Starting with the line that has "Kim Kardashian and" in the records below and stopping after the line that has "converse tactical boots 6 inch", output every line exactly and nothing else; skip pictures.

-- Data follows --

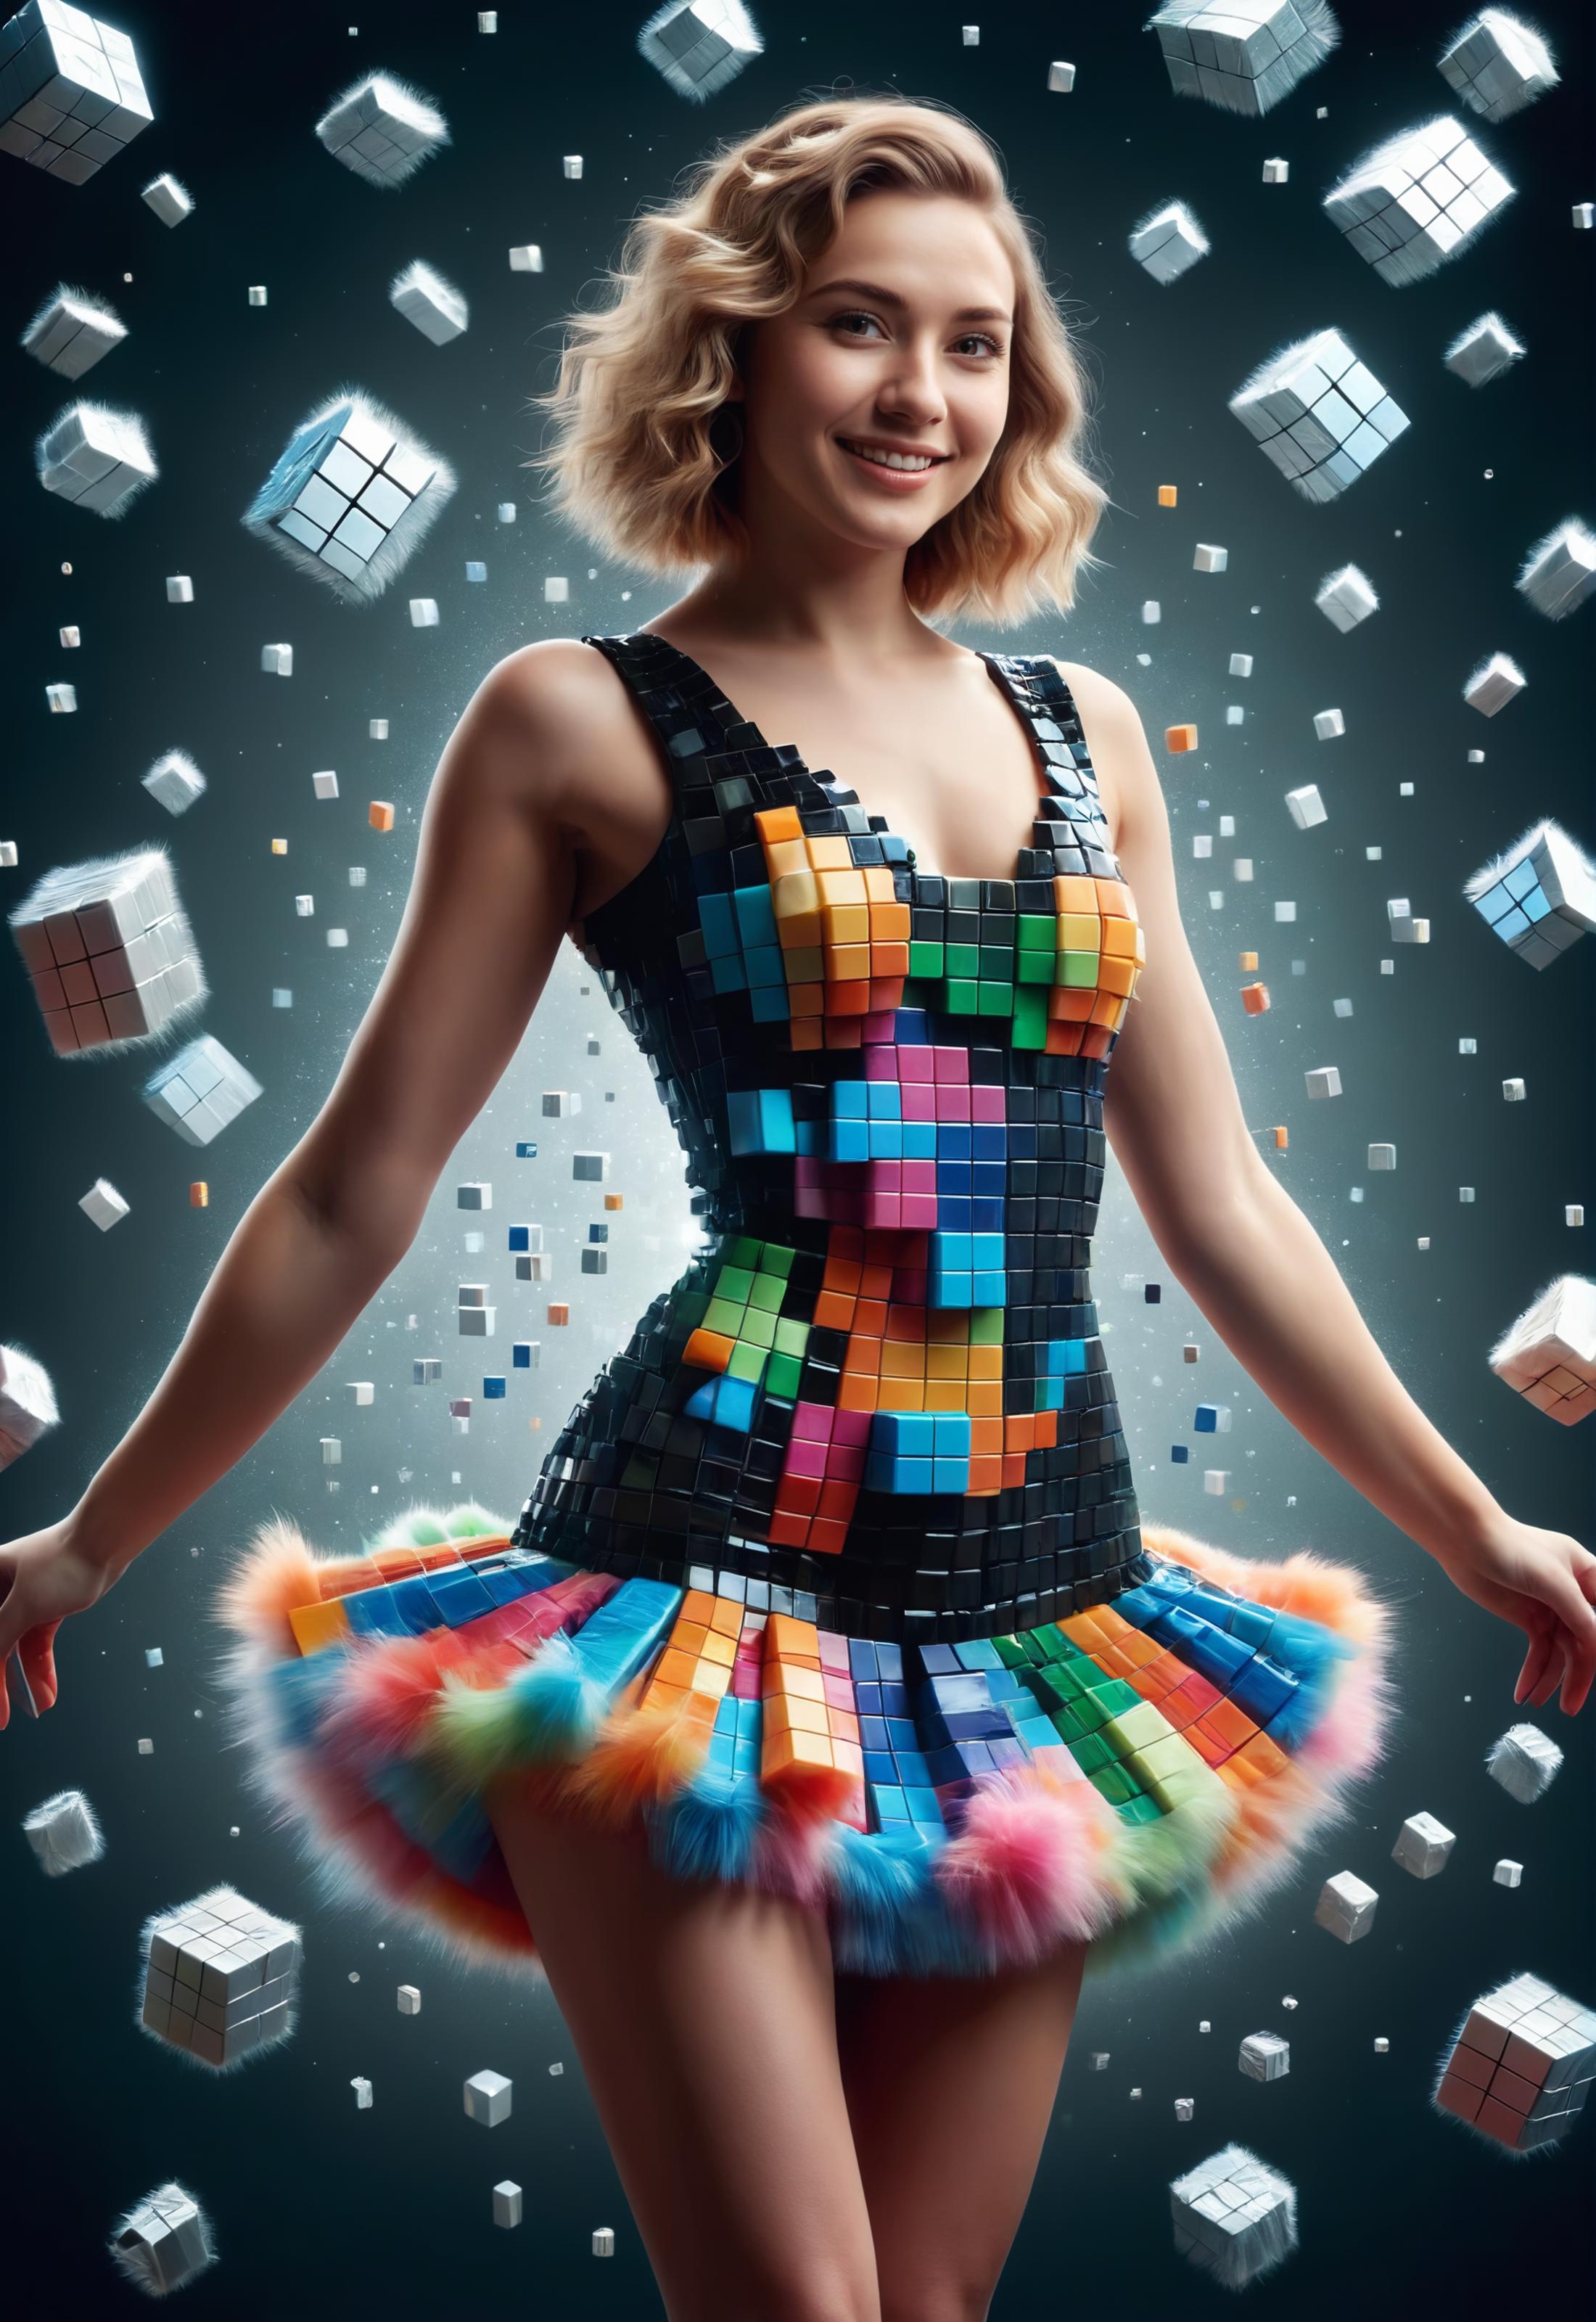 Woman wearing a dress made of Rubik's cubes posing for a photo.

-- Data concluded --
-- Data follows --

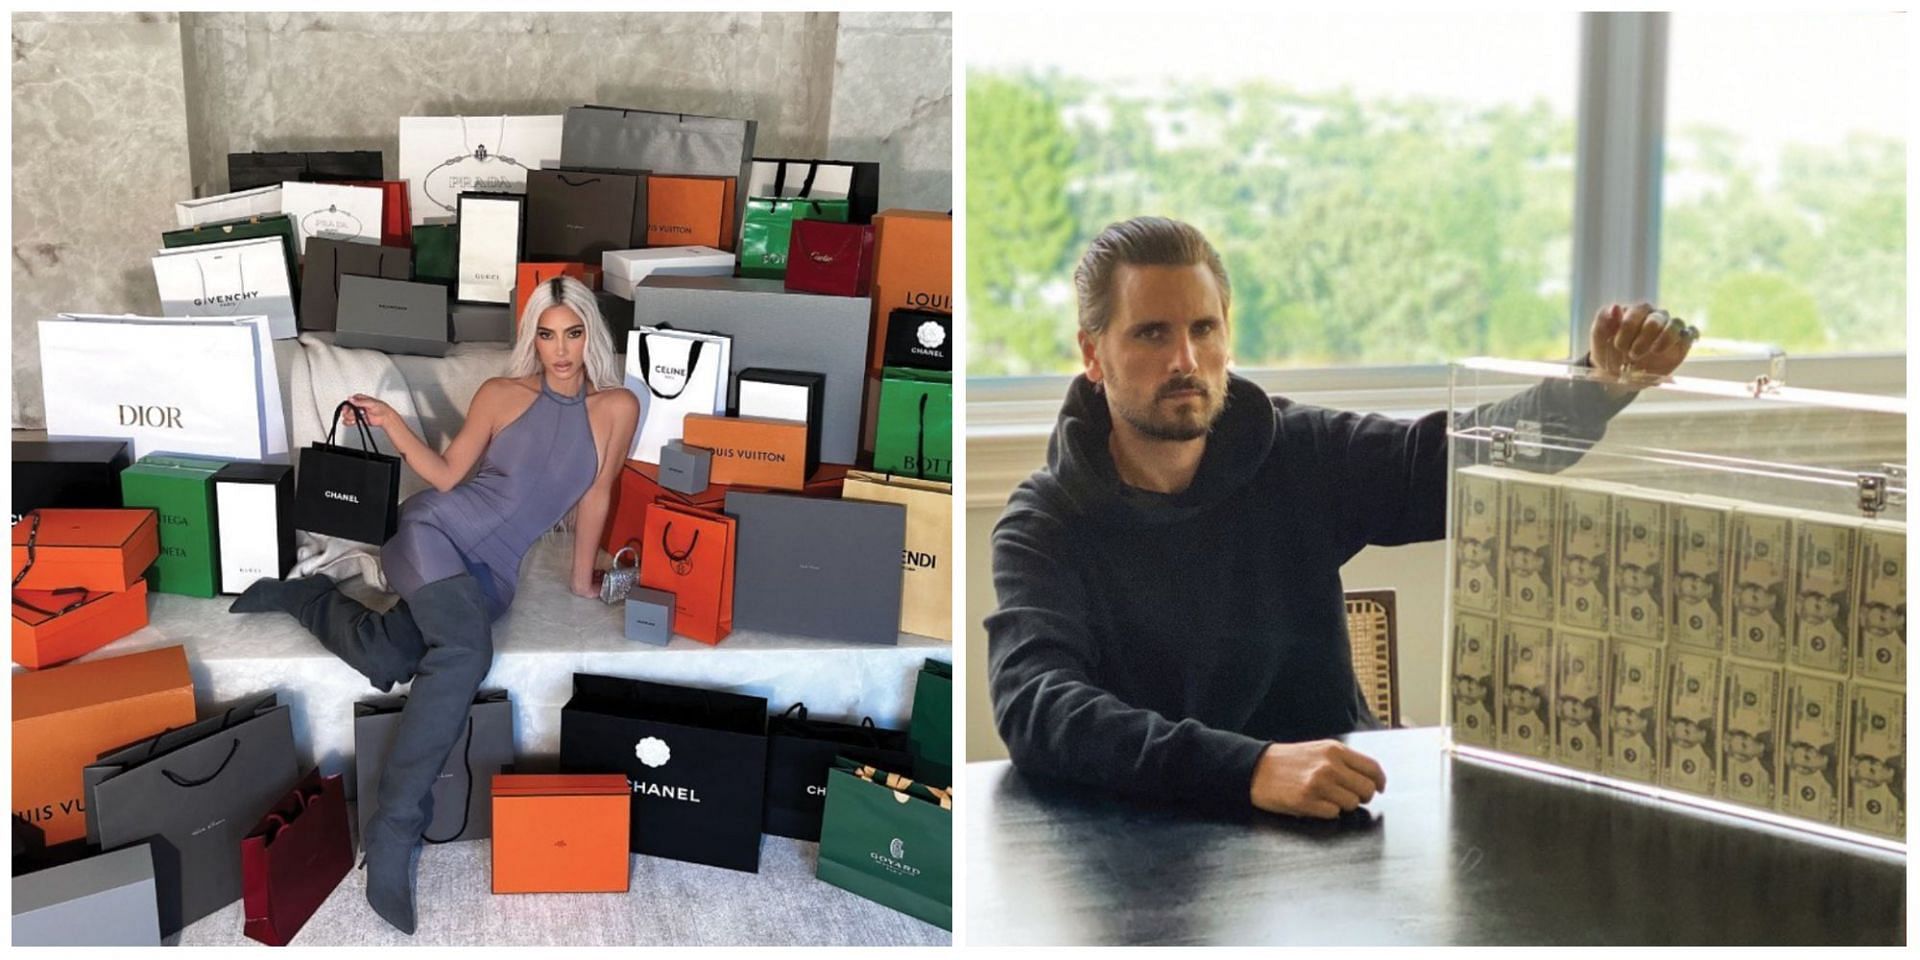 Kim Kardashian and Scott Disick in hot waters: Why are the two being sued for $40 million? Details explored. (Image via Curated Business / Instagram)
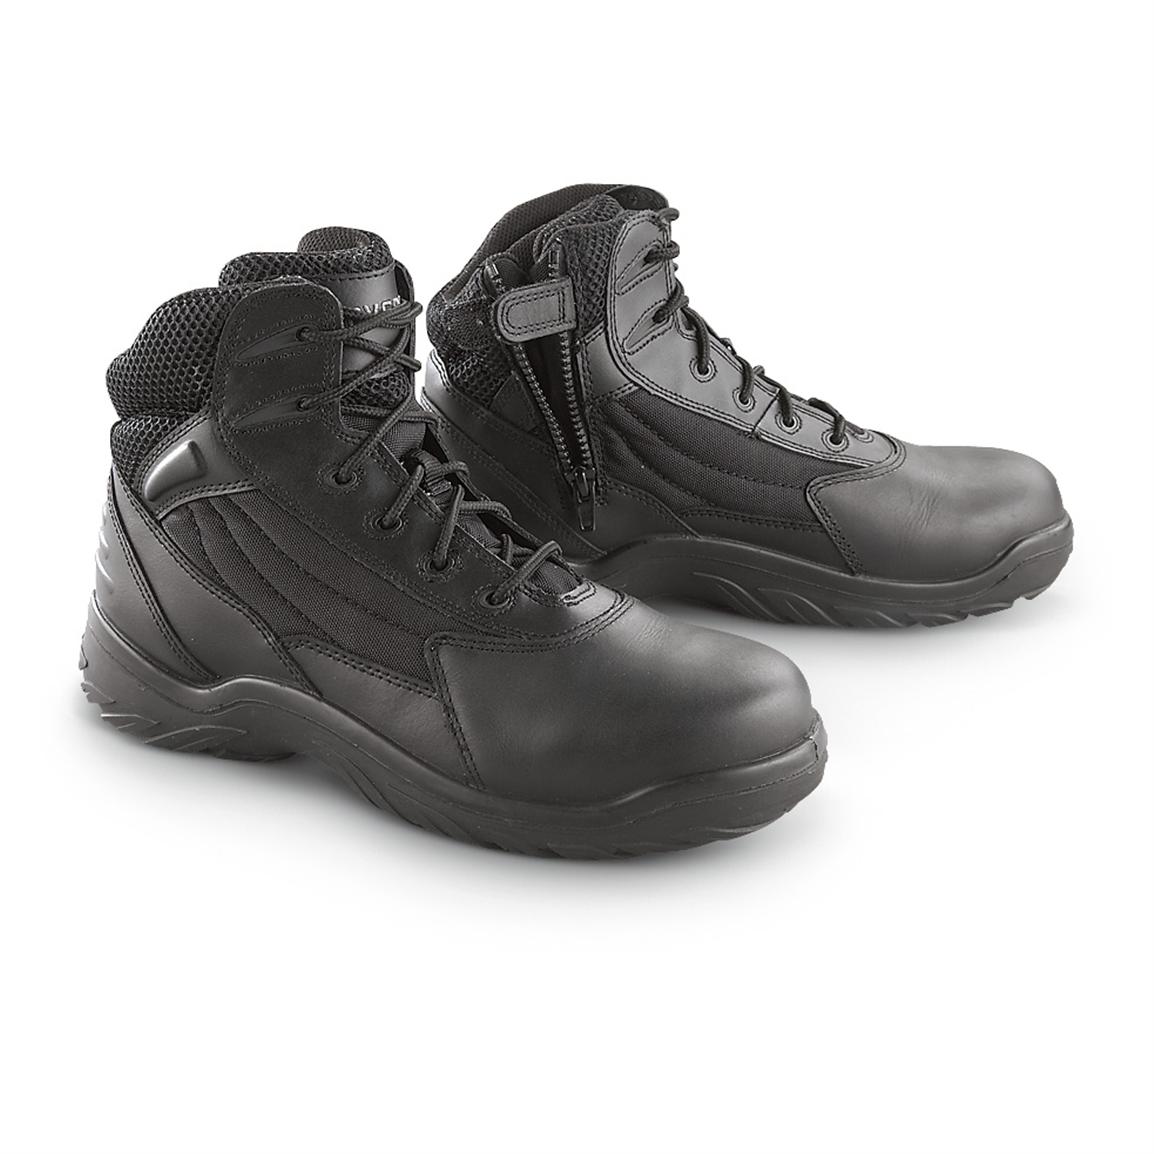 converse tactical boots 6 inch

-- Data concluded --

Response below:
 Kim Kardashian and Scott Disick in hot waters: Why are the two being sued for $40 million? Details explored. (Image via Curated Business / Instagram)
 converse tactical boots 6 inch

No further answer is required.